According to some embodiments of the invention, the ratio of the length of the inner exhaust pipe to the pitch of the spiral spoiler is 4 to 8.

According to some embodiments of the invention, the helix angle of the helical spoilers is 45 to 60 degrees.

According to some embodiments of the present invention, the spiral spoiler includes a plurality of spiral sections and a plurality of axially extending sections, the spiral sections and the axially extending sections are alternately and smoothly connected, and the axially extending sections are along the axial extension of the inner exhaust pipe.

According to some embodiments of the present invention, the spiral spoiler includes a plurality of spiral sections and a plurality of axially extending sections, the spiral sections and the axially extending sections are alternately and smoothly connected, and the axially extending sections are along the axial extension of the inner exhaust pipe.

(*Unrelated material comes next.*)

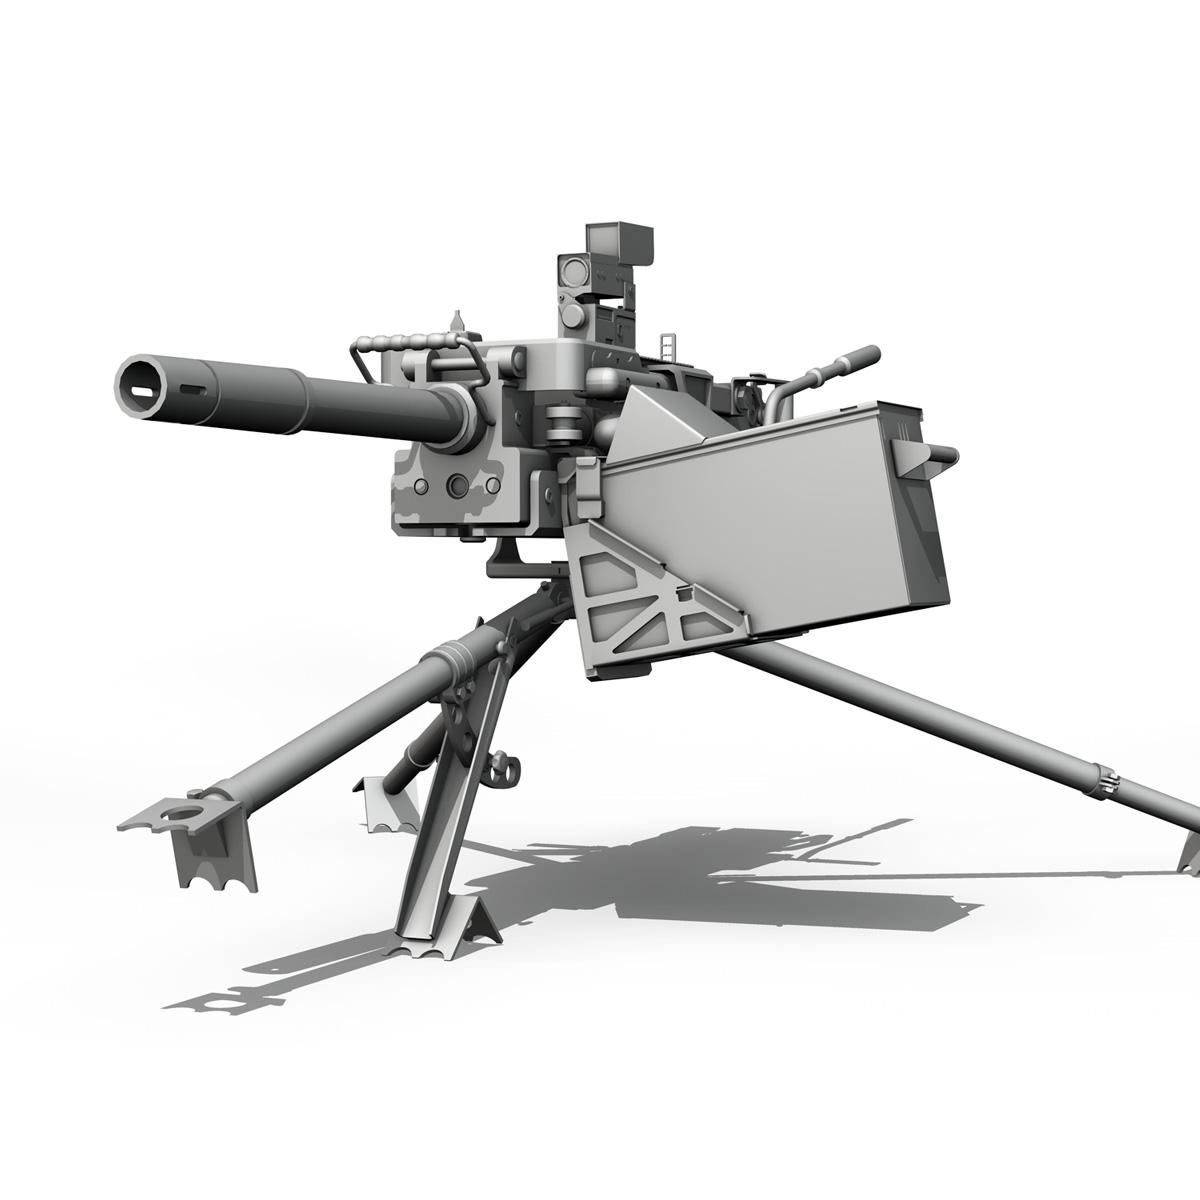 40mm qumbara pulemyotu gmg 3d model c4d lwo 3dm obj 264296

According to some embodiments of the invention, the inner side of the axially extending section coincides with the central axis B of the inner exhaust pipe

According to the utility model discloses a gas heater of second aspect embodiment, include the utility model discloses the spiral of above-mentioned first aspect embodiment is around flowing for exhaust stack subassembly.

According to the utility model discloses gas heater has following beneficial effect at least: because inlet channel is provided with a plurality of vortex rings that admit air to the width in vortex chamber is less than inlet channel's width, consequently the air can be by radial disturbance when flowing into the vortex chamber through the vortex ring that admits air, has effectively slowed down the circulation speed of inflow air, thereby increases the residence time of air at inlet channel, makes the high temperature flue gas of exhaust inner tube can give the air that flows in at the more heat of unit interval transmission, thereby makes flue gas and air abundant heat transfer, has improved heat transfer quality.

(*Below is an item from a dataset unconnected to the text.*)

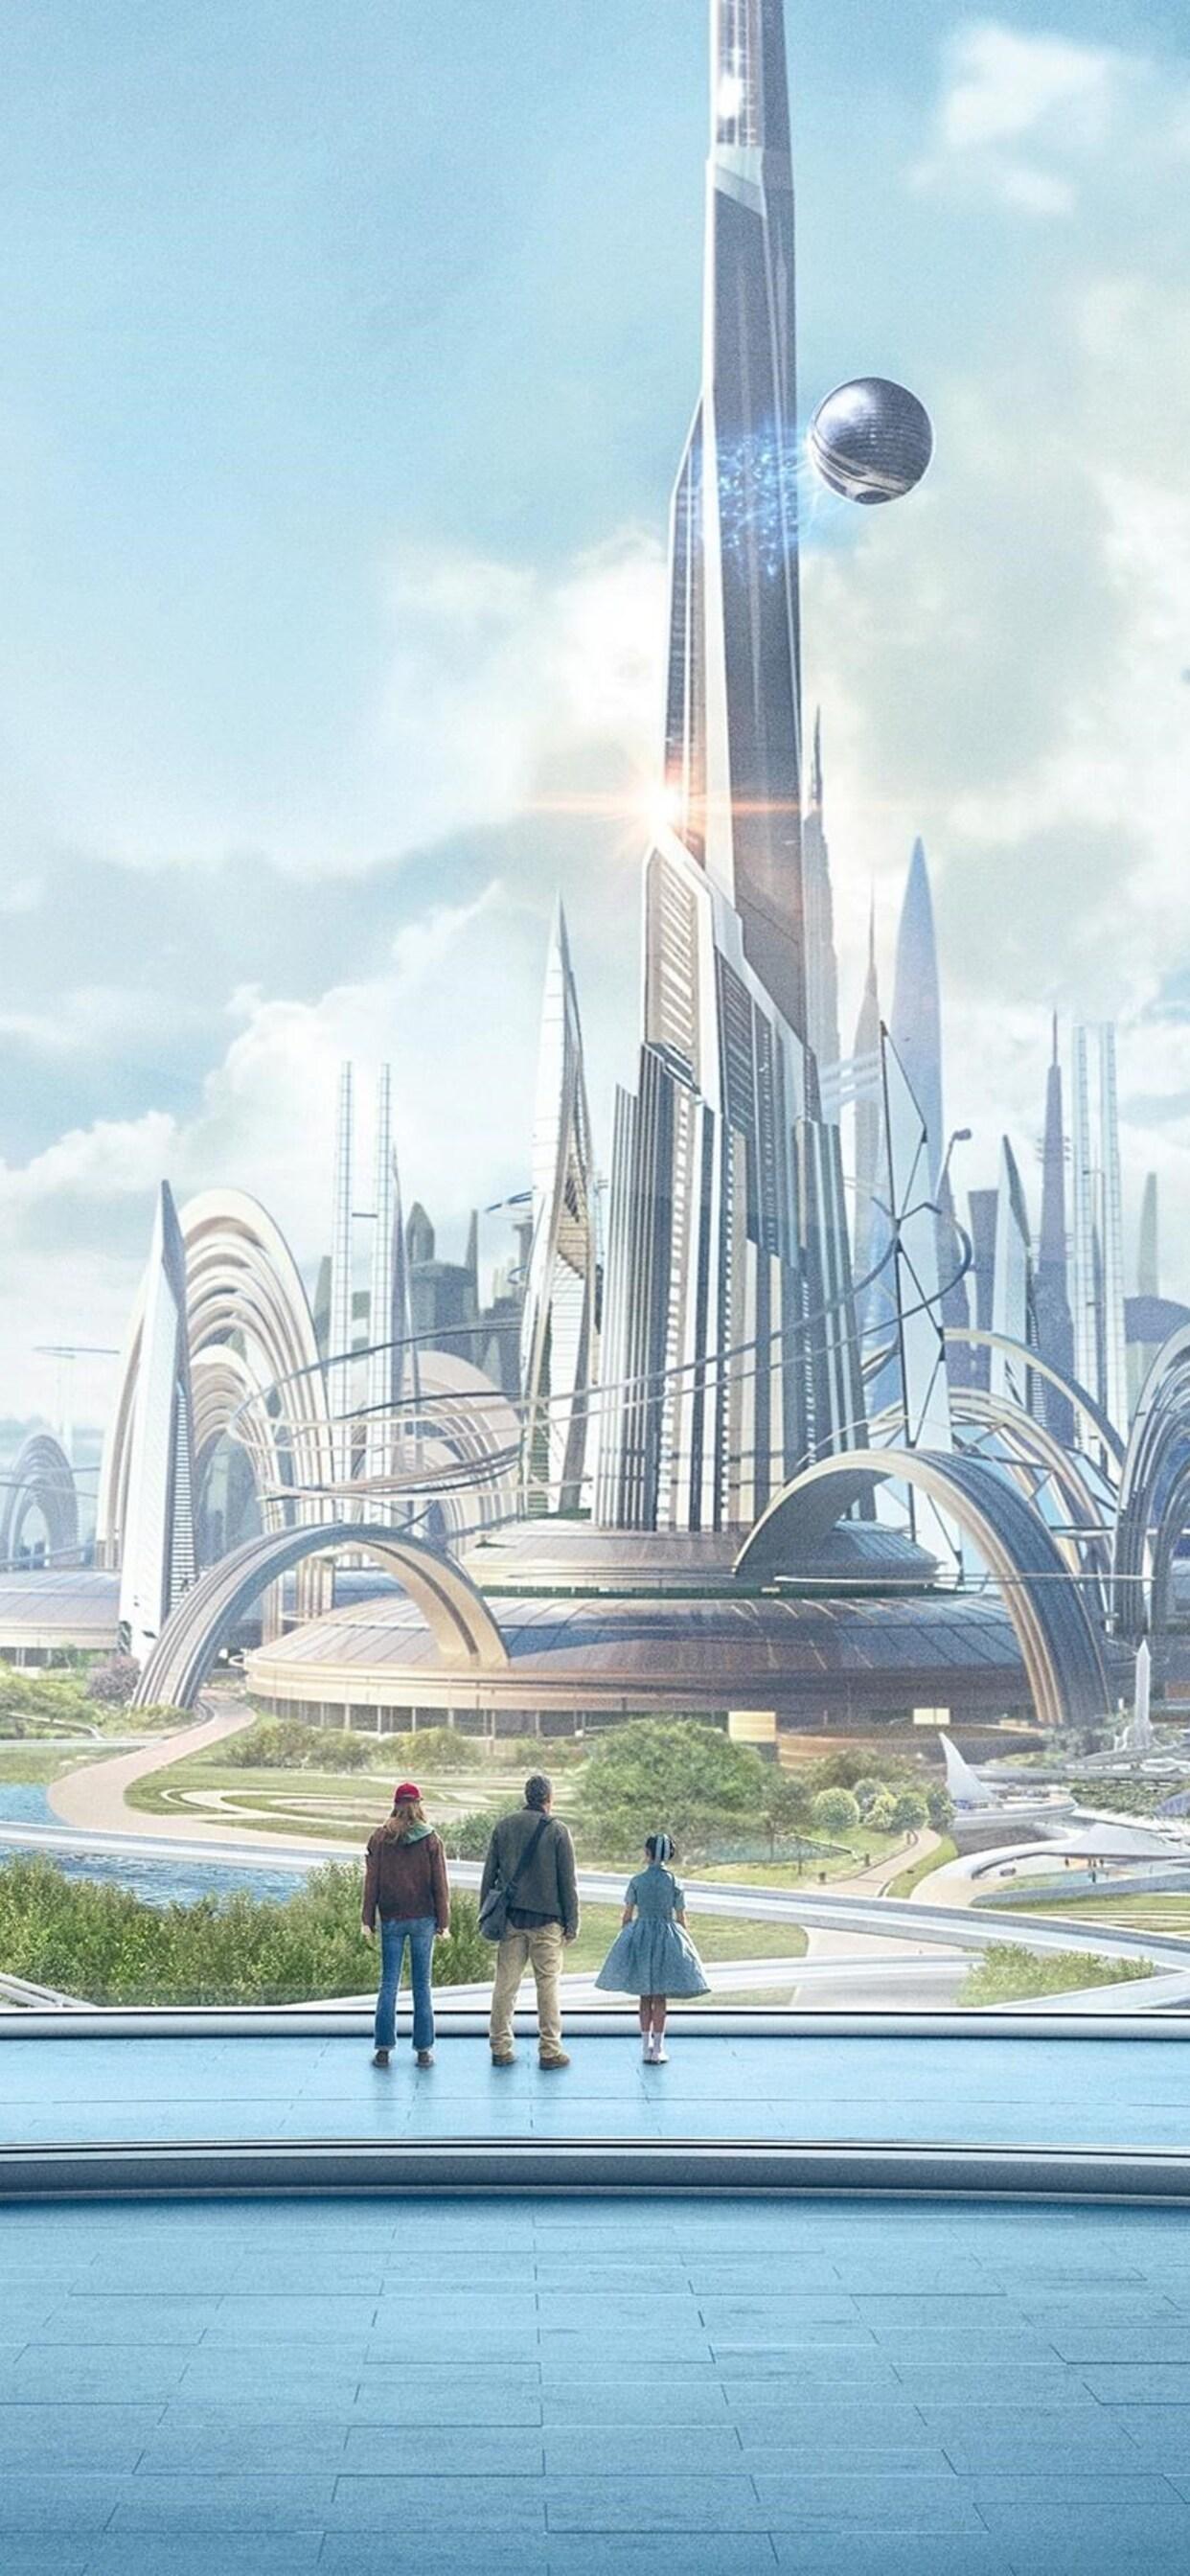 1242x2688 Tomorrowland Movie Iphone Xs Max Hd 4k Wallpapers

Additional aspects and advantages of the invention will be set forth in part in the description which follows and, in part, will be obvious from the description, or may be learned by practice of the invention.

Drawings

The above and/or additional aspects and advantages of the present invention will become apparent and readily appreciated from the following description of the embodiments, taken in conjunction with the accompanying drawings of which:

FIG. 1 is a schematic view of a spiral turbulent flow smoke supply and exhaust pipe assembly according to an embodiment of the present invention;

FIG. 2 is a schematic view of region A shown in FIG. 1;

fig. 3 is a schematic structural view of an air inlet turbulent flow ring according to an embodiment of the present invention;

FIG. 4 is a schematic structural diagram of a spiral spoiler according to an embodiment of the present invention;

fig. 5 is a schematic structural view of a spiral spoiler according to another embodiment of the present invention.

Reference numerals:

100. an air intake outer tube; 110. an air intake passage; 200. an exhaust inner pipe; 210. an exhaust passage; 300. an air inlet turbulent flow ring; 310. a flow gathering section; 311. a flow collection chamber; 320. a turbulent flow section; 321. a flow-disturbing cavity; 330. a flow expansion section; 331. a flow expansion cavity; 340. an annular groove; 350. connecting the flanging; 400. spiral spoilers; 401. a helical section; 402. an axially extending section; 410. a vent hole; 420. bending the mounting part; 421. and (3) a mounting surface.

Detailed Description

Reference will now be made in detail to embodiments of the present invention, examples of which are illustrated in the accompanying drawings, wherein like reference numerals refer to the same or similar elements or elements having the same or similar function throughout. The embodiments described below with reference to the drawings are exemplary only for the purpose of explaining the present invention, and should not be construed as limiting the present invention.

In the description of the present invention, it should be understood that the orientation or positional relationship indicated with respect to the orientation description, such as up, down, front, rear, left, right, etc., is based on the orientation or positional relationship shown in the drawings, and is only for convenience of description and simplification of description, and does not indicate or imply that the device or element referred to must have a specific orientation, be constructed and operated in a specific orientation, and thus, should not be construed as limiting the present invention.

In the description of the present invention, a plurality of means are one or more, a plurality of means are two or more, and the terms greater than, less than, exceeding, etc. are understood as not including the number, and the terms greater than, less than, within, etc. are understood as including the number. If the first and second are described for the purpose of distinguishing technical features, they are not to be understood as indicating or implying relative importance or implicitly indicating the number of technical features indicated or implicitly indicating the precedence of the technical features indicated.

In the description of the present invention, unless there is an explicit limitation, the words such as setting, installation, connection, etc. should be understood in a broad sense, and those skilled in the art can reasonably determine the specific meanings of the above words in combination with the specific contents of the technical solution.

As shown in fig. 1 and 2, the spiral disturbed flow smoke supply and exhaust pipe assembly according to the embodiment of the first aspect of the present invention includes: the exhaust gas recirculation device comprises an air inlet outer pipe 100, an exhaust inner pipe 200 and at least two air inlet turbulent flow rings 300, wherein the exhaust inner pipe 200 is arranged in the air inlet outer pipe 100, an air inlet passage 110 is formed between the air inlet outer pipe 100 and the exhaust inner pipe 200, and an exhaust passage 210 is arranged in the exhaust inner pipe 200; the exhaust inner tube 200 is located to the cover of the vortex ring 300 that admits air, and the outer wall of the vortex ring 300 that admits air and the inside wall cooperation of the outer tube 100 that admits air form the vortex chamber 321 that can supply the air current to pass through between the vortex ring 300 that admits air and the exhaust inner tube 200, and the width an of vortex chamber 321 is less than the width b of inlet channel 110 to guarantee to admit air diversion vortex.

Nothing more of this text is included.